Em 27 de outubro de 1880, nasceu em Rio Claro, no estado de São Paulo, Linneo de Paula Machado, filho de Francisco Vilella de Paula Machado, médico conceituado, e Sebastiana Augusta Mello Franco de Paula Machado, neta do 1º Barão de Araraquara e 1º Visconde de Rio Claro.
Desde os sete anos Linneo assistia e gostava de corridas de cavalo. Foi quando estava com essa idade que seu pai adquiriu do coronel Bento Bicudo um cavalo francês de puro sangue, filho de Ruy Blas e Charlotte, chamado Carestiamble, para montaria e para servir as éguas de uma chácara de sua propriedade, em Rio Claro. Nessa época a fazenda São José, fundada por seu bisavô em 1839, ainda pertencia aos herdeiros de seu avô, o Visconde do Rio Claro.
Em 1894, Linneo foi para Paris e lá ficou até 1903. Aos 16 anos fez seus estudos no Lycée Janson de Sally e depois na École des Hautes Études Commerciales.
Na Cidade Luz, durante cerca de nove anos, não perdia uma só corrida, quer aos domingos quer às quintas-feiras, seguindo com o maior interesse e dedicação as corridas do turfe francês.
Ao voltar para o Brasil, pediu ao seu pai, o Dr. Francisco Vilella de Paula Machado, já então proprietário da Fazenda São José, para fundar um haras. Seu pai, também apaixonado pelo turfe, consentiu no seu pedido e, em 1906, deu-se o início ao Haras São José, em Rio Claro.
Linneo logo partiu para a Europa, onde adquiriu 11 éguas e os garanhões Flaneur II e Zimpanet, enquanto seu pai ficou na fazenda providenciando as instalações. Dentre as éguas que importou estavam Juracy, Amandine, Flotte Russe e France, esta filha de Xantrailles, potro que foi líder de sua geração na Europa junto com a potranca Plaisanterie, ambos da geração de 1882.
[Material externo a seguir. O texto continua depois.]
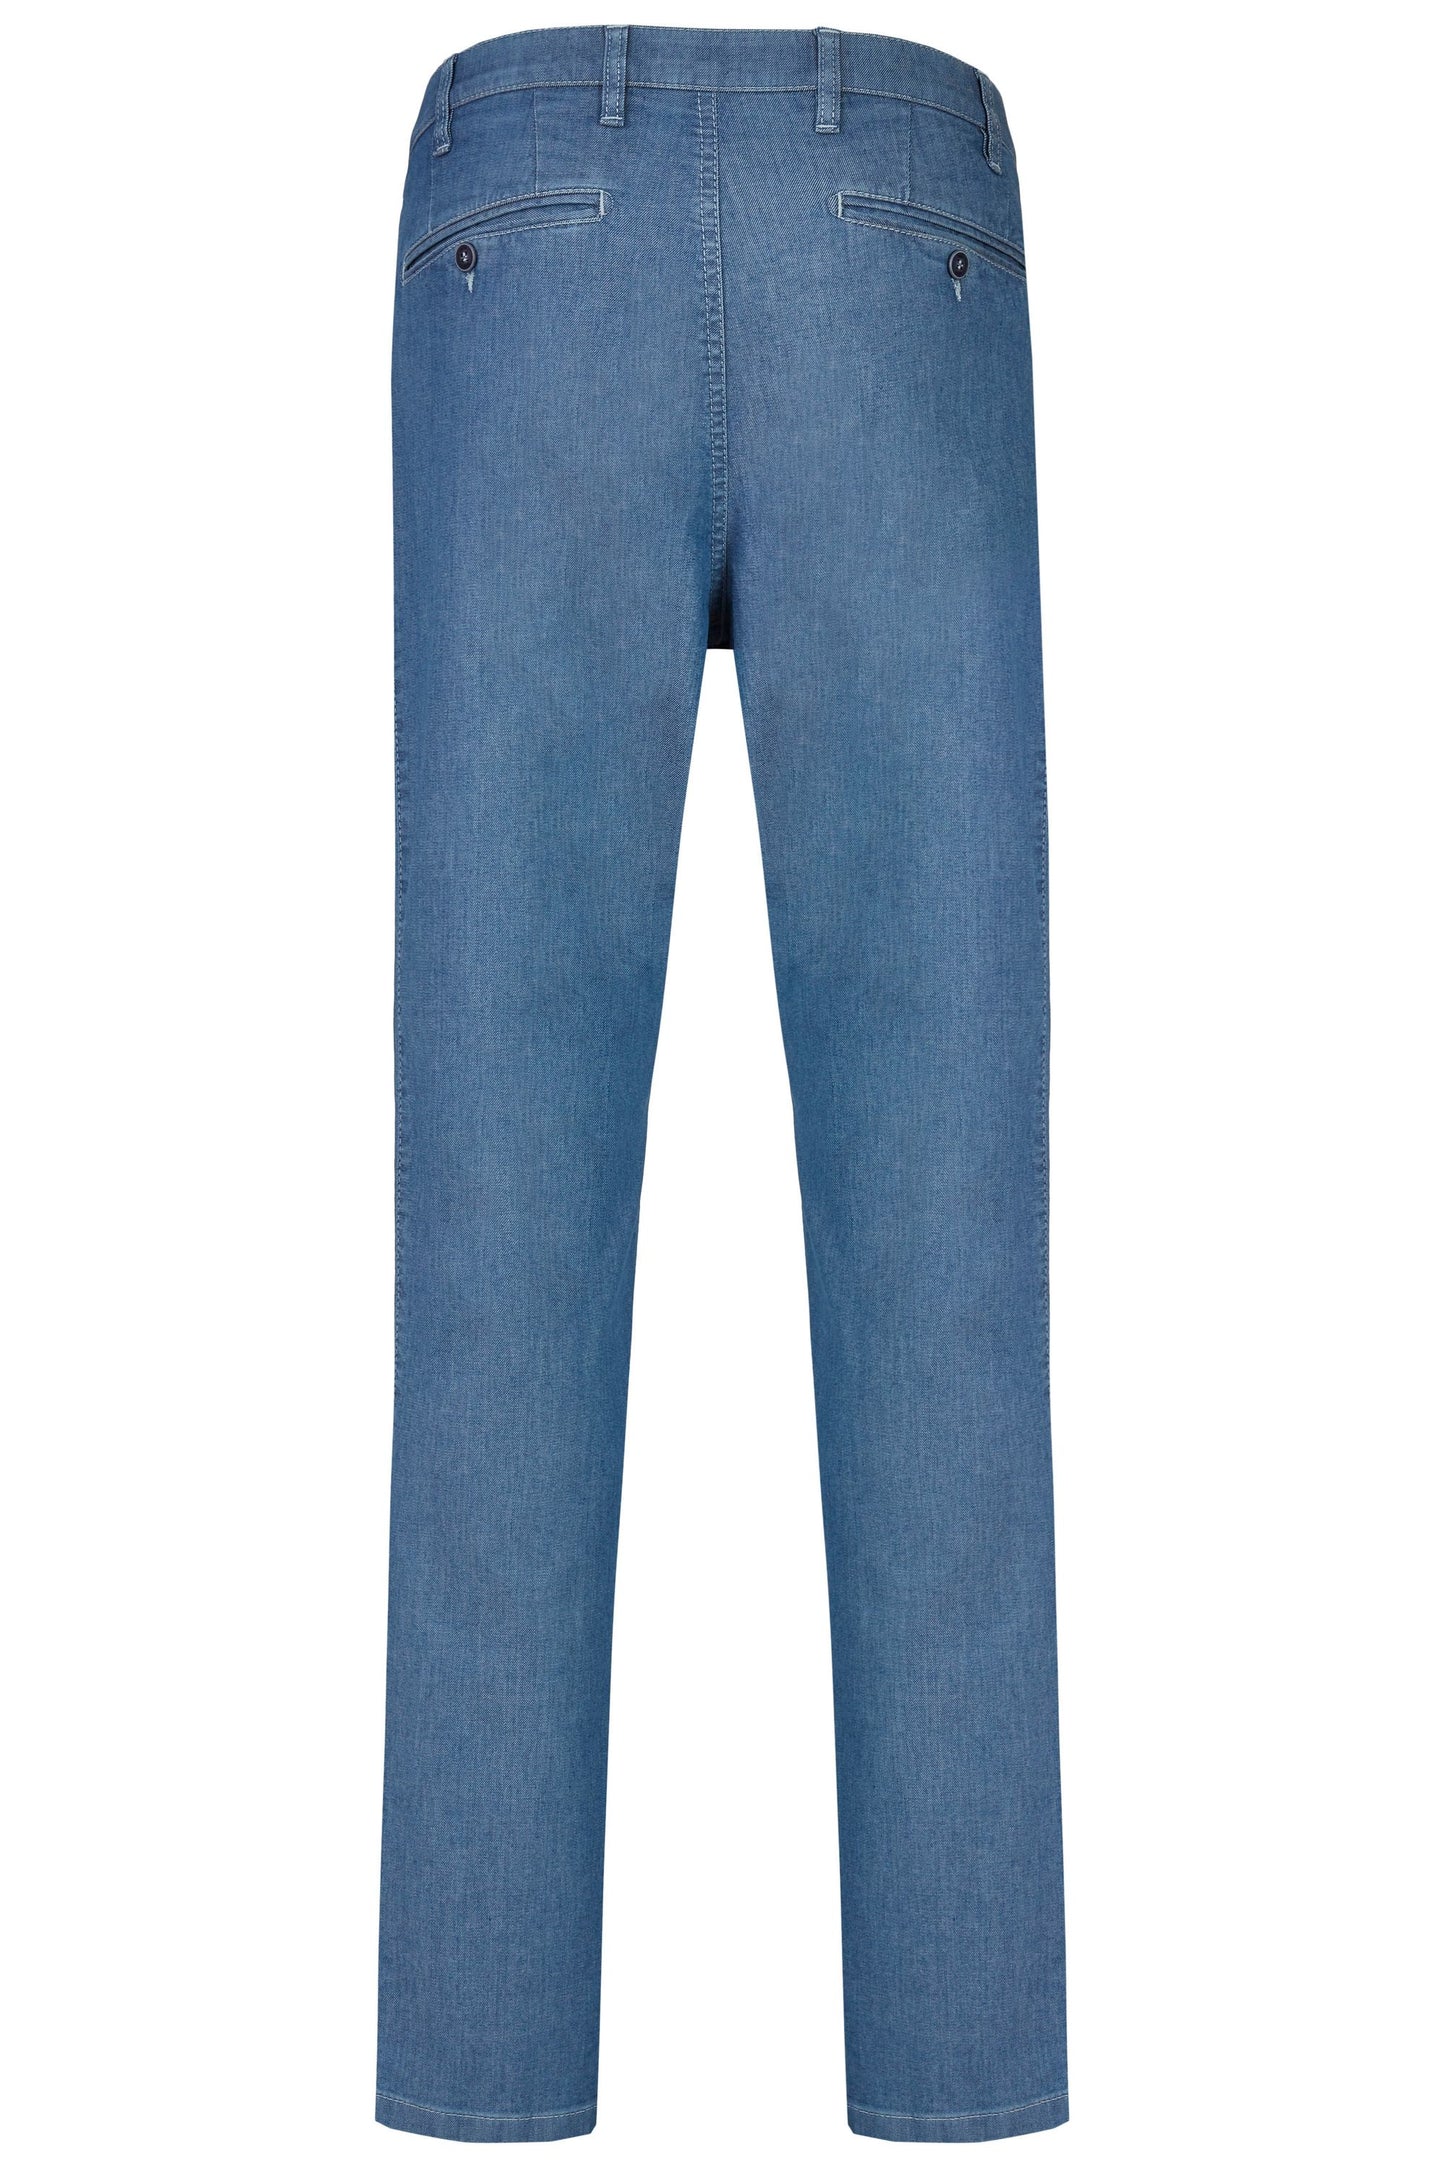 aubi Perfect Fit Herren Sommer Jeans Hose Stretch aus Baumwolle High Flex Modell 577

Juracy, que nasceu na Inglaterra em 1900, acabou por ter uma importância das mais significativas, pois sua linha feminina vem há um século gerando produtos de expressão para o Haras. Ela é da mesma linha tronco feminina de: West Australian (Tríplice Coroado inglês), Vândalo (GP Derby Paulista), Xaveco (reprodutor líder no Brasil), Bretagne (GP São Paulo, GP Henrique Possolo), Dimane (GP Diana, e Taça de Prata) mãe da clássica Vacilação, Gentlemen (Gran Premio Nacional, Polla de Potillos, na Argentina e Pimlico Handicap, nos Estados Unidos) e Danzig, importantíssimo chefe de raça americano.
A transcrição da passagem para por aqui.